## DATA EXTRACT
□ □ □ □ □

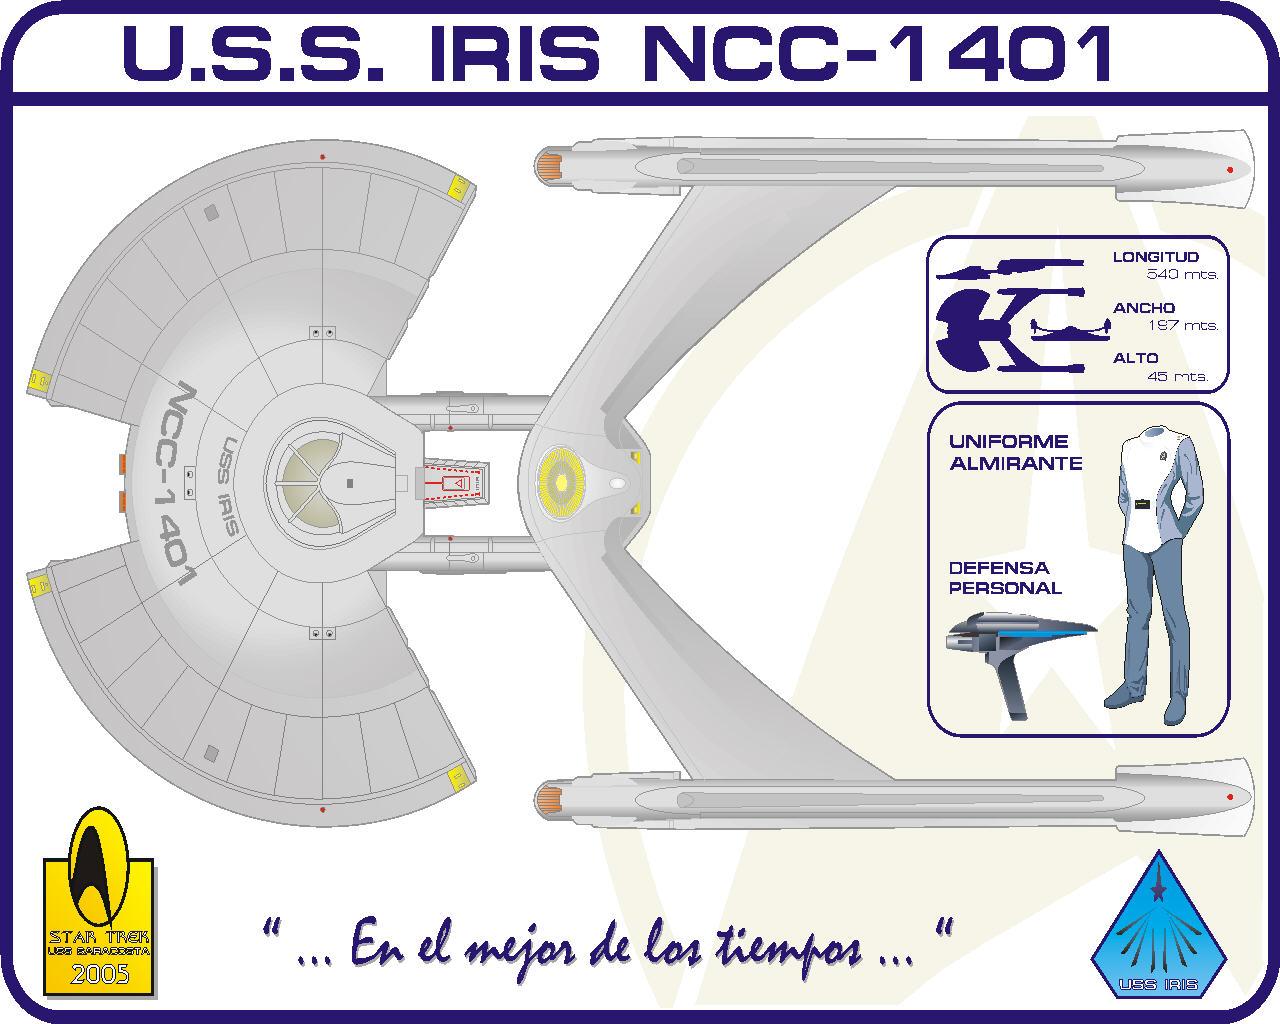 El juego de las imagenes-http://www.cygnus-x1.net/links/lcars/blueprints/saracosta/uss-irisncc-1401-color.jpg
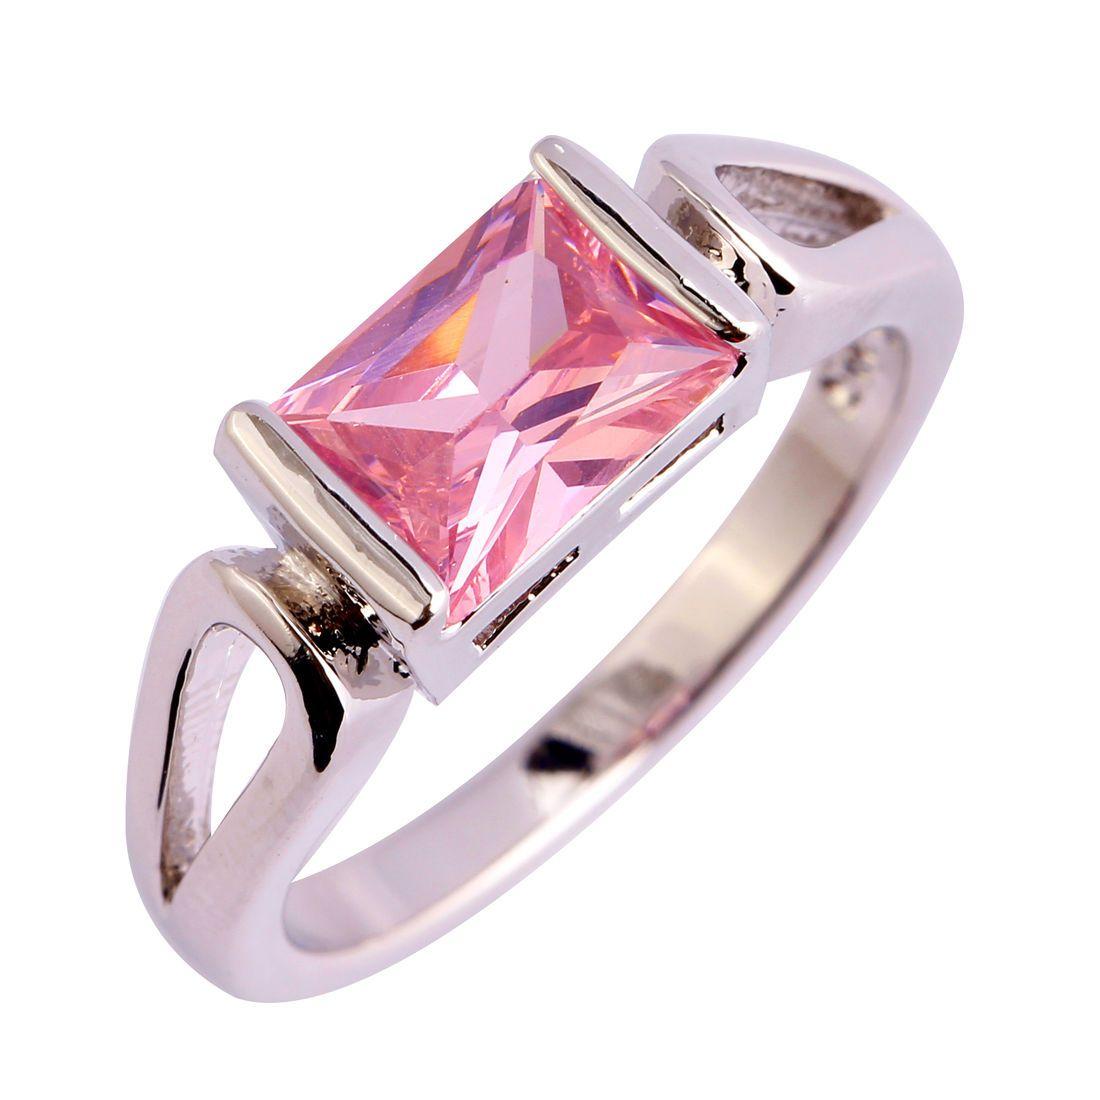 Wedding Emerald Cut Bezel Pink Topaz Gemstones Silver Rings Size 7 8 ...
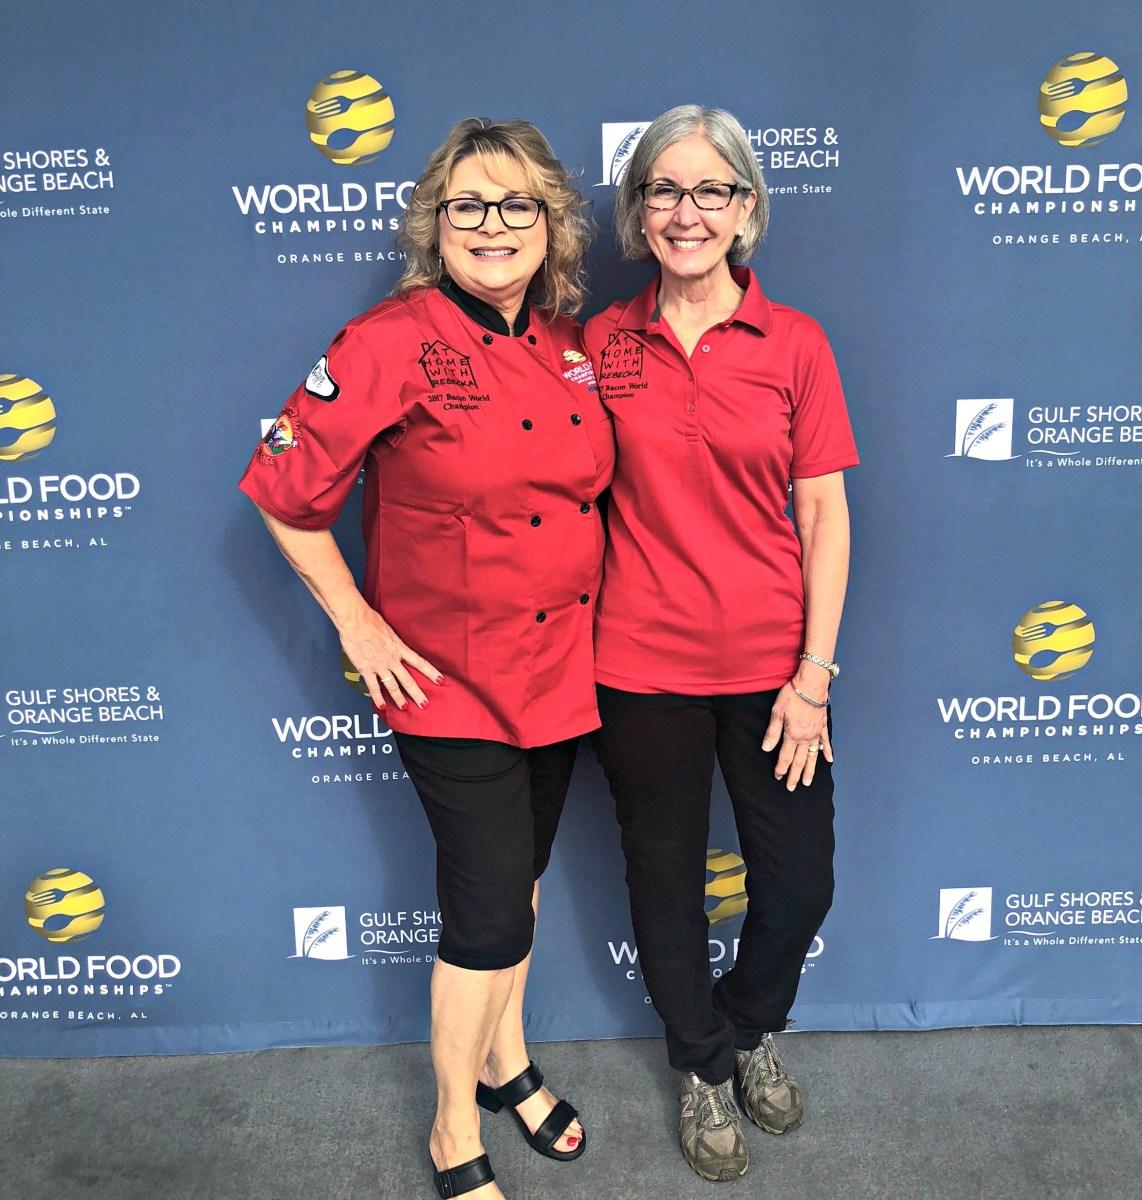 World Food Championships 2018 Recap
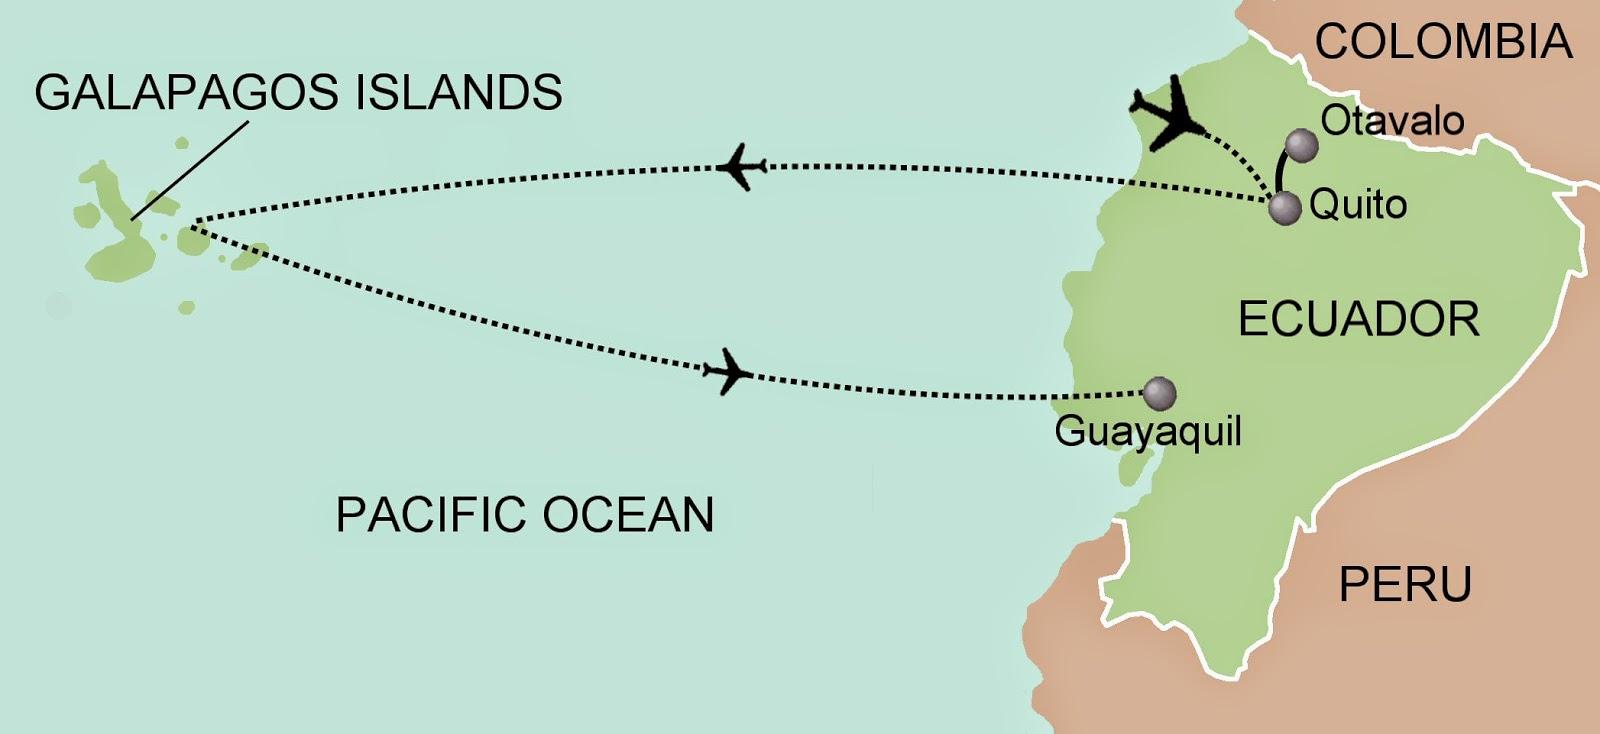 Map Galapagos Islands - Free Printable Maps on floreana island, lesser antilles map, bahamas map, pinta island, puerto rico map, japan map, greenland map, pampas map, ha long bay, yucatan peninsula map, tierra del fuego map, darwin island, bay of fundy, fernandina island, isabela island, baltra island, lake titicaca map, nameless island, patagonia map, puerto baquerizo moreno, strait of magellan map, genovesa island, puerto ayora, galapagos national park, oman map, canada map, charles darwin research station, pacific map, amazon map, cuba map, cape horn map, falklands map, ecuador map, brazilian highlands map,
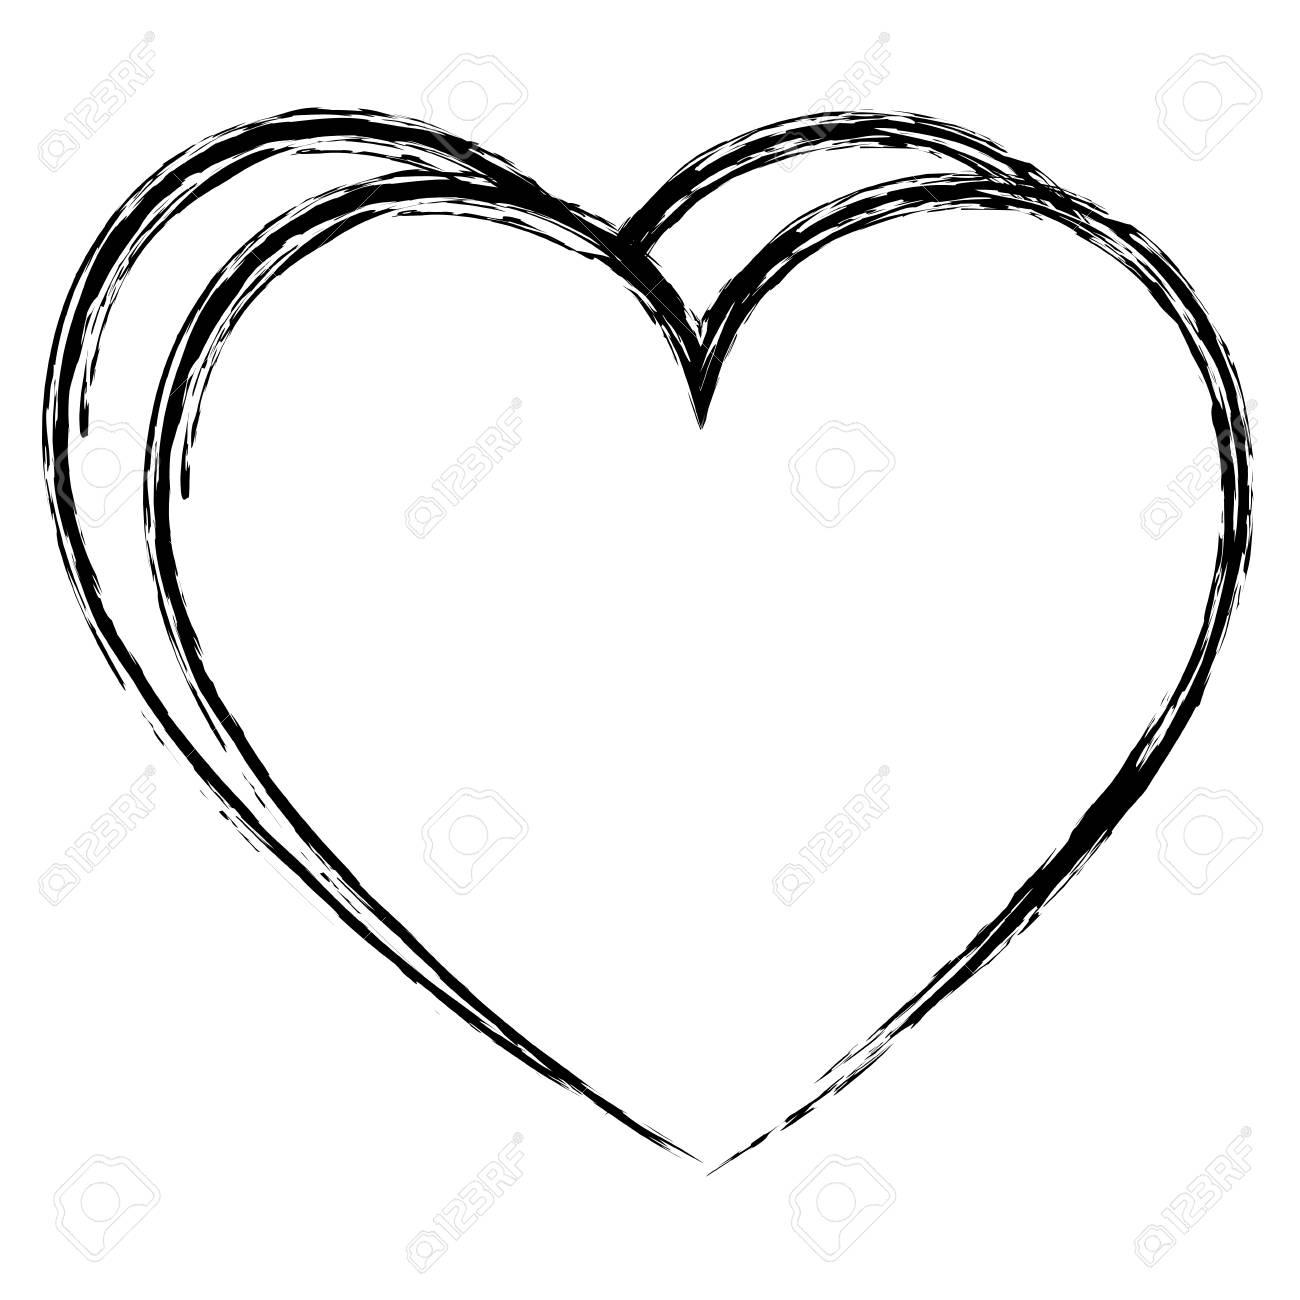 heart love isolated icon vector illustration design - 98595763

□ □ □ □ □

## BRIEF
Word for word, restate each line above, minus its pictures.

## RESPONSE TO THE EXERCISE
 El juego de las imagenes-http://www.cygnus-x1.net/links/lcars/blueprints/saracosta/uss-irisncc-1401-color.jpg
 Wedding Emerald Cut Bezel Pink Topaz Gemstones Silver Rings Size 7 8 ...
 World Food Championships 2018 Recap
 Map Galapagos Islands - Free Printable Maps on floreana island, lesser antilles map, bahamas map, pinta island, puerto rico map, japan map, greenland map, pampas map, ha long bay, yucatan peninsula map, tierra del fuego map, darwin island, bay of fundy, fernandina island, isabela island, baltra island, lake titicaca map, nameless island, patagonia map, puerto baquerizo moreno, strait of magellan map, genovesa island, puerto ayora, galapagos national park, oman map, canada map, charles darwin research station, pacific map, amazon map, cuba map, cape horn map, falklands map, ecuador map, brazilian highlands map,
 heart love isolated icon vector illustration design - 98595763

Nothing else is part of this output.